Polenta and Vegetable Torte
Polenta and Vegetable Torte

Hey everyone, it’s Drew, welcome to my recipe site. Today, I’m gonna show you how to prepare a special dish, polenta and vegetable torte. One of my favorites. This time, I am going to make it a bit unique. This is gonna smell and look delicious.

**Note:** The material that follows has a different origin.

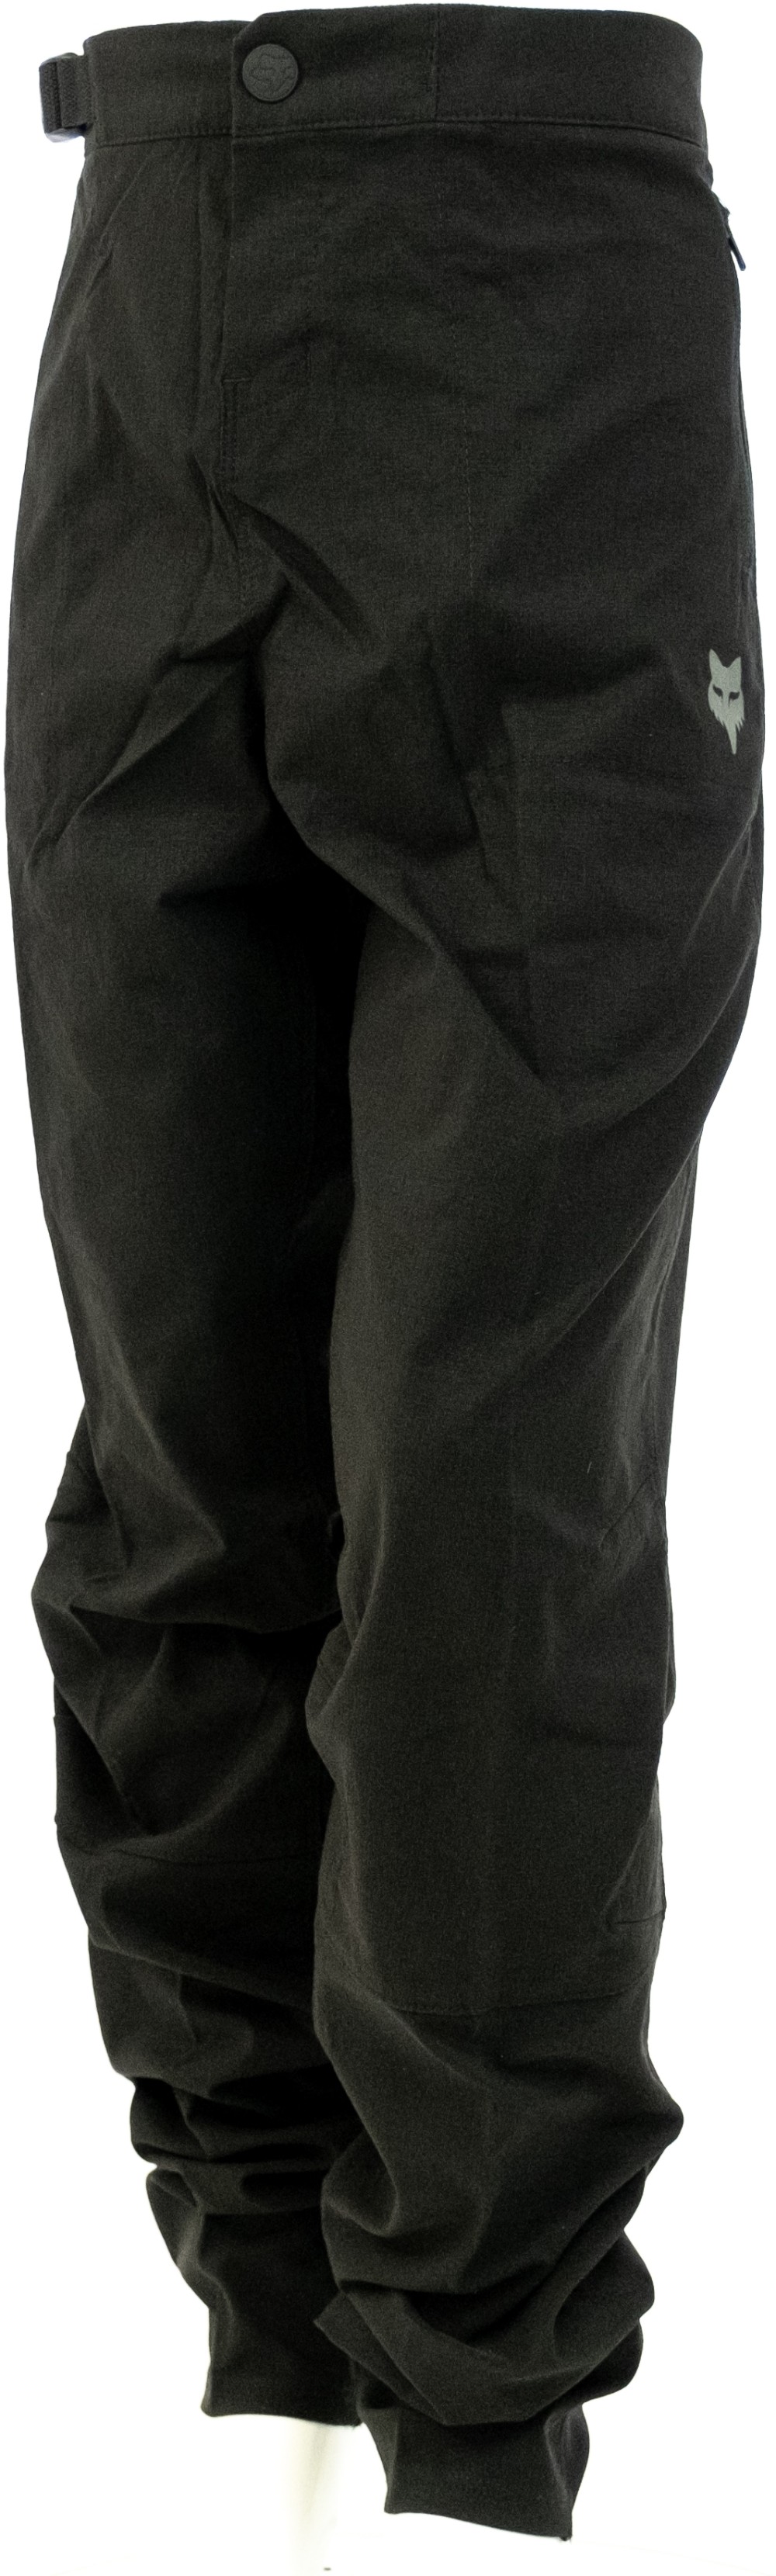 Ranger Youth MTB Trousers image 0

Think of this polenta and vegetable recipe as a gluten-free swap for lasagna. It's the perfect torte recipe to serve come summer, since each slice is piled high with seasonal veggies including squash, sweet peppers, and tomatoes. Transfer vegetable mixture to small bowl. An easy recipe for creamy, comforting parmesan polenta.

Polenta and Vegetable Torte is one of the most favored of recent trending foods on earth. It is appreciated by millions every day. It’s simple, it is quick, it tastes yummy. Polenta and Vegetable Torte is something which I have loved my entire life. They’re fine and they look fantastic.

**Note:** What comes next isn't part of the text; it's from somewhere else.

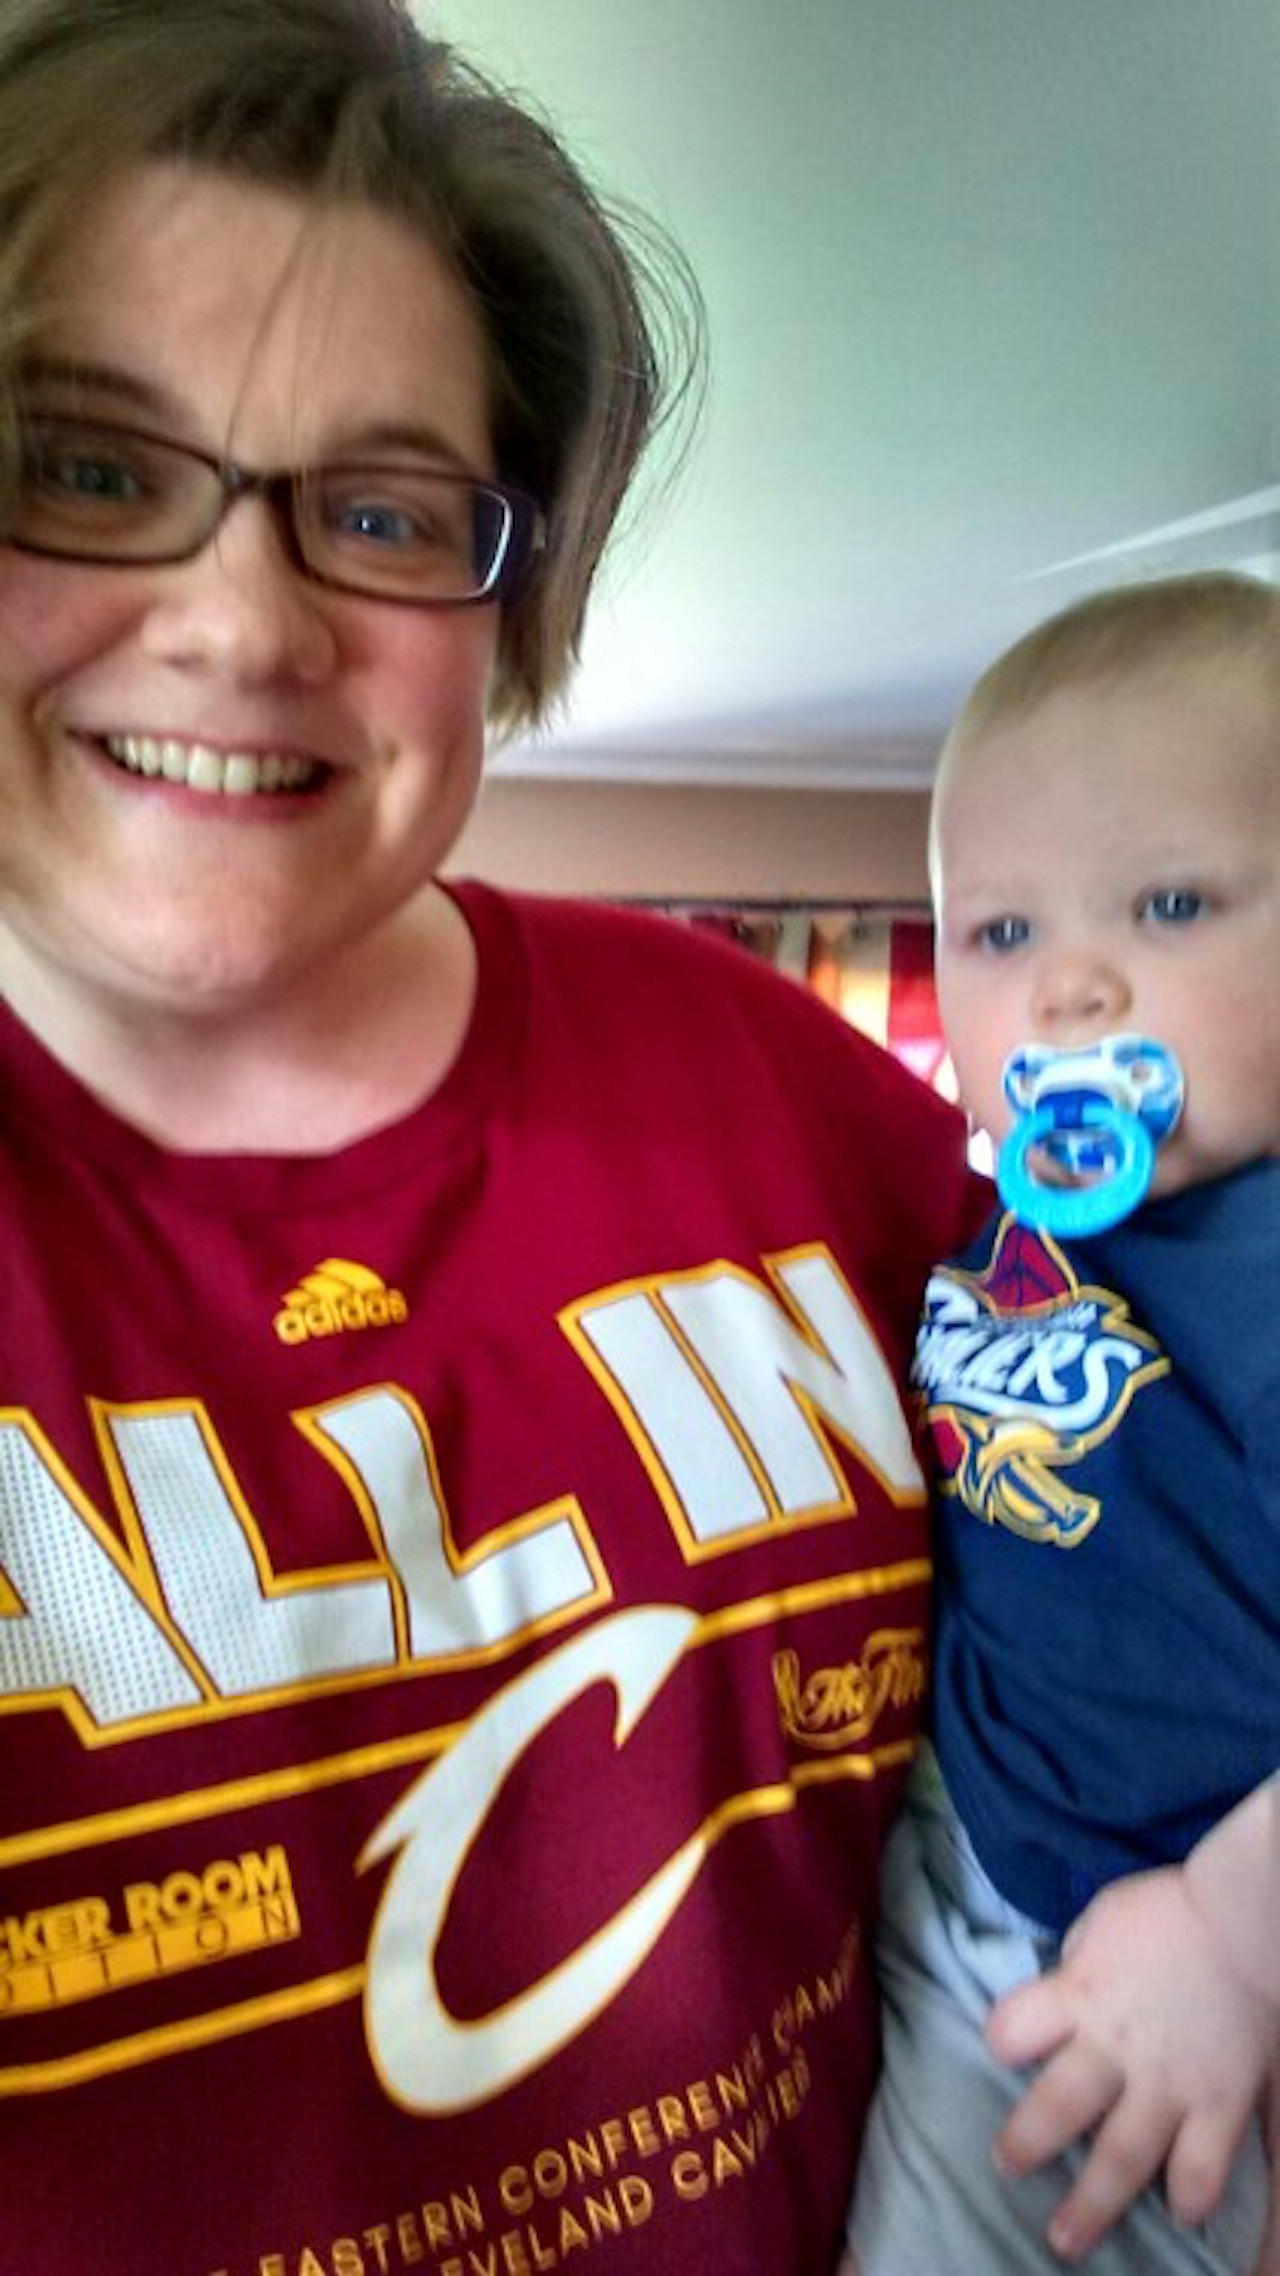 mom in cavs shirt holding baby in cavs shirt

To get started with this particular recipe, we must prepare a few ingredients. You can cook polenta and vegetable torte using 9 ingredients and 5 steps. Here is how you cook it.

The ingredients needed to make Polenta and Vegetable Torte:
  1. Prepare 1/4 c olive oil
  2. Take 3 cloves garlic (minced)
  3. Take 2 (16 oz) tubes refrigerated cooked polenta
  4. Prepare 1 1/2 c bell peppers (red, green, or yellow; chopped) (2 peppers)
  5. Prepare 2 1/2 c zucchini or yellow squash (cut diagonally into 1/4 inch slices) (2 medium)
  6. Prepare 1 c fresh mushrooms (sliced)
  7. Prepare 2 c cheddar or mozzarella cheese (shredded)
  8. Take 1 cup cherry tomatoes (halved)
  9. Prepare 1/3 c fresh basil (lightly packed and torn)

Drizzle a little olive oil on top and garnish with herbs. We had planned to make Polenta Vegetable Bake one weekend when we were staying in a lake cabin. This is how we made it work, and now we often follow this version instead of baking it, especially if we. Creamy polenta serves as an excellent canvas for hearty beef chili and garlicky sauteed spinach and mushrooms.

Instructions to make Polenta and Vegetable Torte:
  1. Preheat oven to 425 F. In a small saucepan, heat olive oil and garlic over medium heat about 4 minutes or until oil is fragrant and garlic is translucent but now brown. Remove from heat.
  2. Line a 15x10x1 inch baking pan with foil. Cut each tube of polenta into eleven slices, about 1/2 inch thick each. Place polenta slices in the prepared baking pan. Brush with 1 tbsp of the garlic oil; sprinkle with salt and ground black pepper. Roast about 15 minutes or until polenta is heated through and edges are lightly browned, turning once. Set aside. Reduce oven temperate to 350 F.
  3. In an extra large skillet heat the remaining garlic oil over medium-high heat. Add peppers, squash, and mushrooms; cook about 6 minutes or until vegetables are crisp-tender, stirring occasionally. Sprinkle with salt and ground pepper.
  4. In the bottom of a 9-inch springform pan, place as many slices of polenta that will fit in a single layer (about 11). You will be able to see the bottom of the pan between the curves of the polenta, but the slices should be touching. Then layer with 1/2 cup of the cheese, half of the vegetables, 1/2 cup of the cheese, the remaining polenta, 1/2 cup of the cheese, the remaining vegetables, the tomatoes, and the remaining 1/2 cup of cheese.
  5. Bake about 35 minutes or until heated through. Cool in springform pan on a wire rack for at least 15 minutes. Using a small sharp knife, loosen edges of torte from sides of pan; remove sides of pan. Sprinkle torte with basil.

This is how we made it work, and now we often follow this version instead of baking it, especially if we. Creamy polenta serves as an excellent canvas for hearty beef chili and garlicky sauteed spinach and mushrooms. If you make the chili in advance, the Whisking constantly, add polenta in a thin stream. Bake a pan of polenta until it gets crispy at the edges, and then top it with anything your heart desires. Here, roasted summer vegetables pair with fontina, a mild melting cheese.

So that is going to wrap this up with this special food polenta and vegetable torte recipe. Thanks so much for your time. I’m confident you can make this at home. There is gonna be interesting food at home recipes coming up. Remember to save this page in your browser, and share it to your family, colleague and friends. Thanks again for reading. Go on get cooking!